Gohan swore and then went to work, placing the dead, ground cow onto the grill and watching as the ten thick patties of dead animal cooked in their own fat. (1)

~

At 8:00 PM, Videl and Gohan finally were able to leave the Mc Arby's King. They were both fuming. Videl was angry because she hadn't had time to pump Gohan for information and Gohan was irritated that his partner had the IQ of a log.

They went their separate ways, and Gohan flew home at top speed. When he landed at home, his father greeted him. "Hi there Gohan! How was work?"

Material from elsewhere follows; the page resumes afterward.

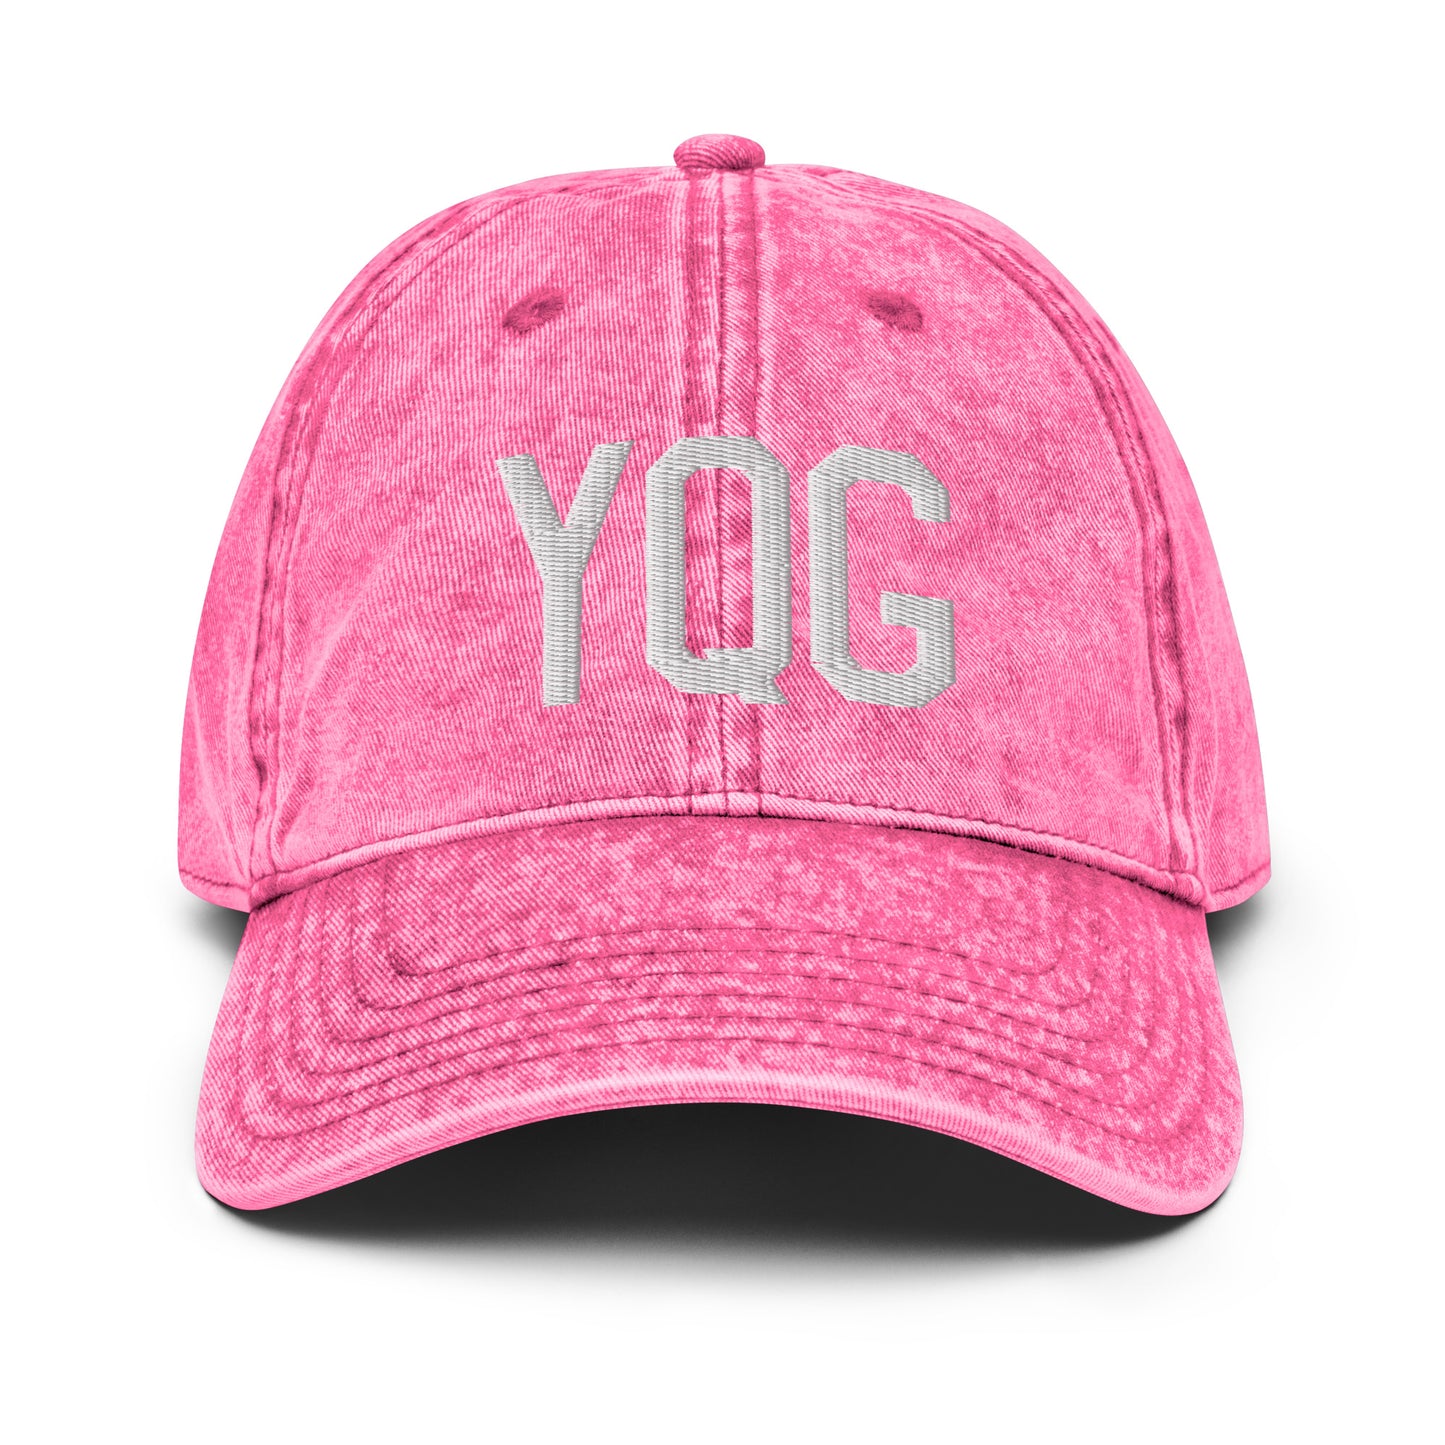 Airport Code Twill Cap - White • YQG Windsor • YHM Designs - Image 25

Gohan didn't even bother answering. He just stormed inside. "Big brother! Do you wanna play outside?"

"Go to hell."

Chichi growled audibly from the kitchen. "Gohan! How dare you talk that way to your little brother? You're supposed to be a good example! This is a critical stage in Goten's development and-" Gohan shot his mother a look to shut her up and then went upstairs and slammed the door to Goten and his bedroom. Needless to say, Goten slept with his parents that night.

END CHAPTER THREE. It's a bit short but I'm really tired and my cat won't leave me alone. Review please.

1- Sorry for the visual there. It's just that I got chased by an entire herd of cows when I was 12 and I haven't liked them since. I even bought a leather jacket just so I could remind myself that there was no need to kill the cows I saw at people's farms, as I had a dead cow back at home in my closet.